Serving Whitman County since 1877
Different stakeholders in the future of the John Wayne Trail spoke with the Gazette this week about the recent funding awarded to plan upgrades to the state-wide trail.
The Washington State Parks Department has been recently awarded a grant for $96,000 from the state’s Resource Conservation Office to write a plan for repairs and upgrades to the trail. The funding will help write plans for three trailheads to be built at Malden, Rosalia and Tekoa. The trailheads would include parking lots and restrooms.
Land-owner Gary Van Dyke owns roughly three miles of land along the trail, which crosses through north Whitman County through Malden, Rosalia and then Tekoa.
Van Dyke said he wants to learn more about the proposal, since it could impact his land.
“Landowners need to know the downside of what burdens will be placed upon us at these sites,” Van Dyke said.
He pointed out that in all his years of living along the trail, the only trail users he has seen are the John Wayne Pioneer Wagon Drivers and Riders. The group of 100 or so travels the trail each year and normally makes stops at Malden, Rosalia and Tekoa. They take part in the Rosalia Battle Days parade each year.
“That’s the only traffic we’ve seen,” he said.
Van Dyke questioned the use of the $96,000 to simply write a “plan” for a trail that sees so little use.
“The other thing I’d be concerned about is who will utilize these sites?”, he said.
Rosalia Mayor Jim Stenhouse said he would welcome a new trailhead in his town.
“It would be wonderful. It would be great. We look forward to those people showing up at Battle Days each year,” said Stenhouse.
While Stenhouse hadn’t heard the full details of the new state funding, he said he was willing to have the town of Rosalia partner with the John Wayne riders in making the improvements at Rosalia.
Tom Short of Woodinville, the current trail development coordinator for the John Wayne group, helped the state parks office write the grant proposal for the $96,000. He was elated to learn the grant had been awarded. Short rides the trail with the group every year.
The section of the trail that runs through the west side of the state sees frequent traffic, Short said. But the eastern half sees much less. With improved trailheads, the trail could see more traffic.
“The eastern portion of the trail is not very well used, one: because no one knows about it and two: it’s hard to use,” Short said.
The west end of the trail received a big boost last week with the re-opening of the two-mile Snoqualmie tunnel which has been closed since the start of 2009 because of chunks of concrete falling inside of the tunnel.
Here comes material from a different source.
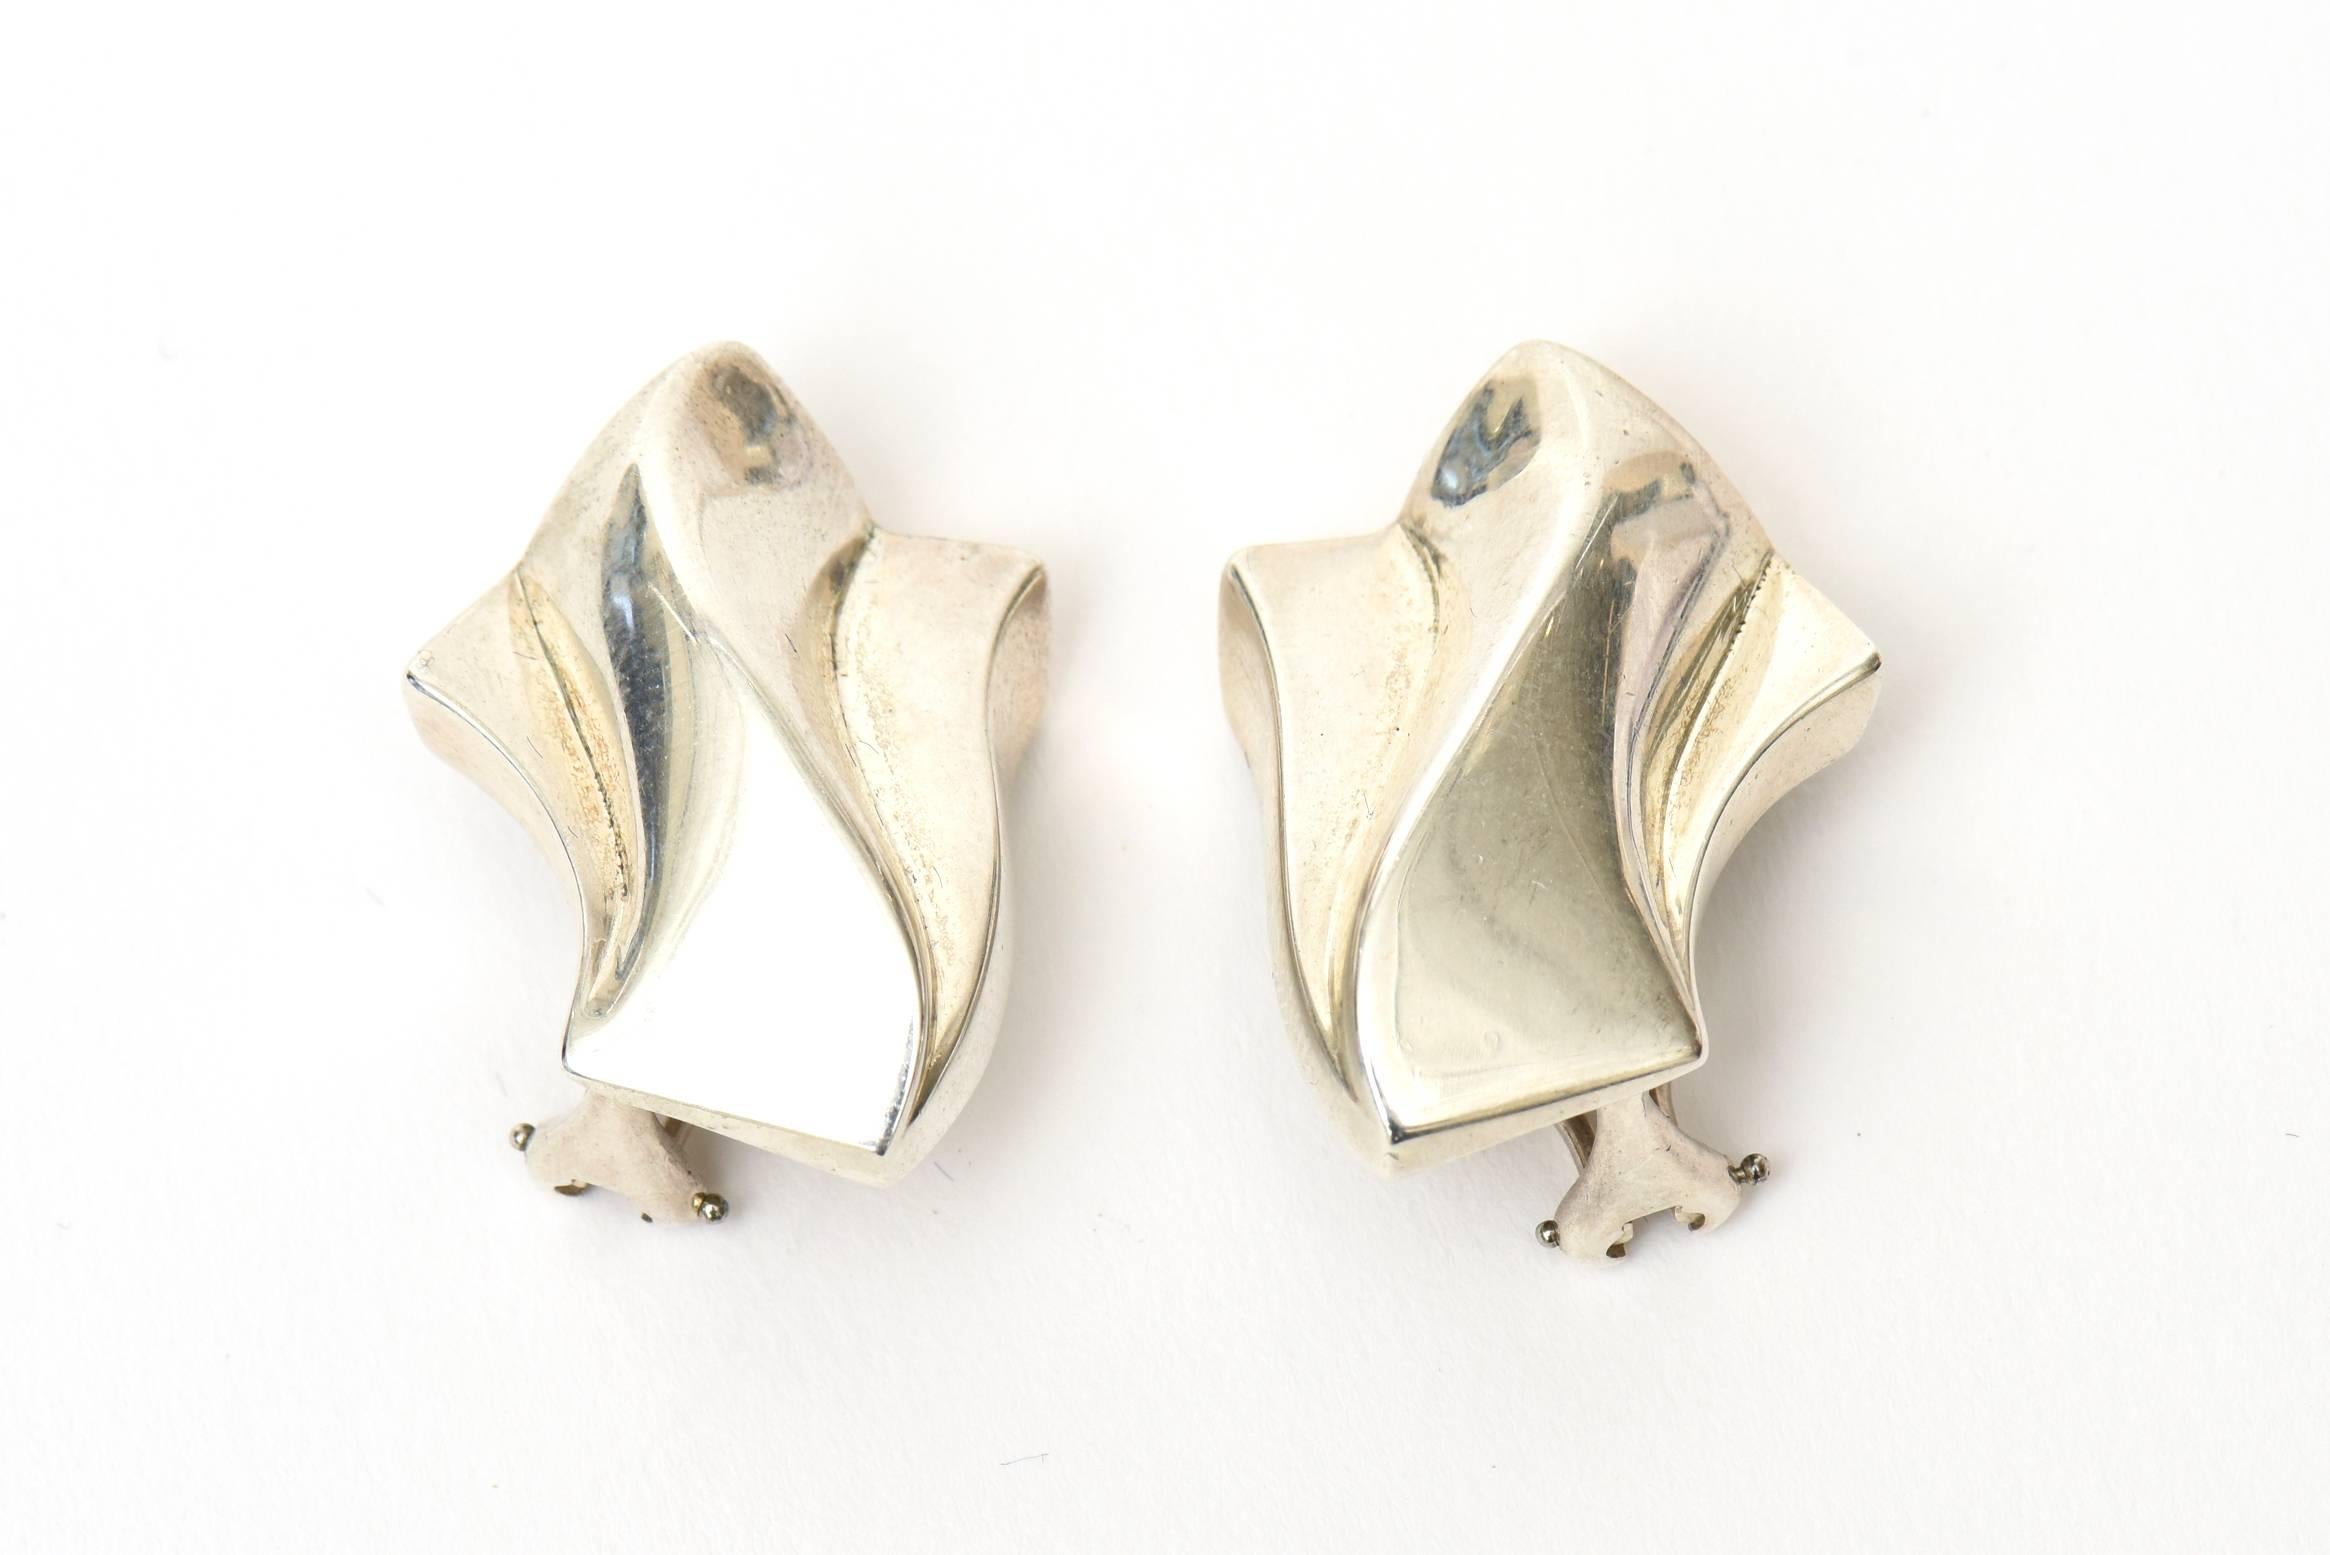 These sculptural pair of hallmarked Tiffany sterling silver clip on earrings are very versatile. They are hallmarked as follows: 1982 Tiffany and Co Sterling.
They are dated 1982. These can go day to evening and are always modernist and classic.

The 11-month project, costing close to $700,000, installed a four-inch layer of concrete on a wire fabric lining.
The John Wayne Trail follows the former route of the Milwaukee Railroad which ran from Tacoma to Chicago. The state acquired the former right-of-way from trustees of the Milwaukee bankruptcy.
“Hopefully, they are going to be able to bring the eastern portion of the trail up to the standards of the western portion of the trail,” he added.
Tekoa Mayor John Jaeger said he would encourage the state study to include the high trestle bridge in Tekoa. The ends of the trestle have been blocked off at Tekoa since the trail was started. Jaeger noted Tekoa groups in the past have pushed to have the former trestle decked and fenced for trail use in a manner similar to the former Milwaukee concrete trestles just south of Rosalia.
Jaeger noted Tekoa in the past has also pushed for acquisition of the nine miles of former Milwaukee right-of-way in Idaho from the state line to Plummer. That would link the John Wayne Trail with the Trail of the Coeur d’Alenes and offer riders and hikers a route all the way from North Bend to Lookout Pass and the Trail of the Hiawatha, which is also on a portion of the former Milwaukee right-of-way. Total length of such a trail system would be over 400 miles.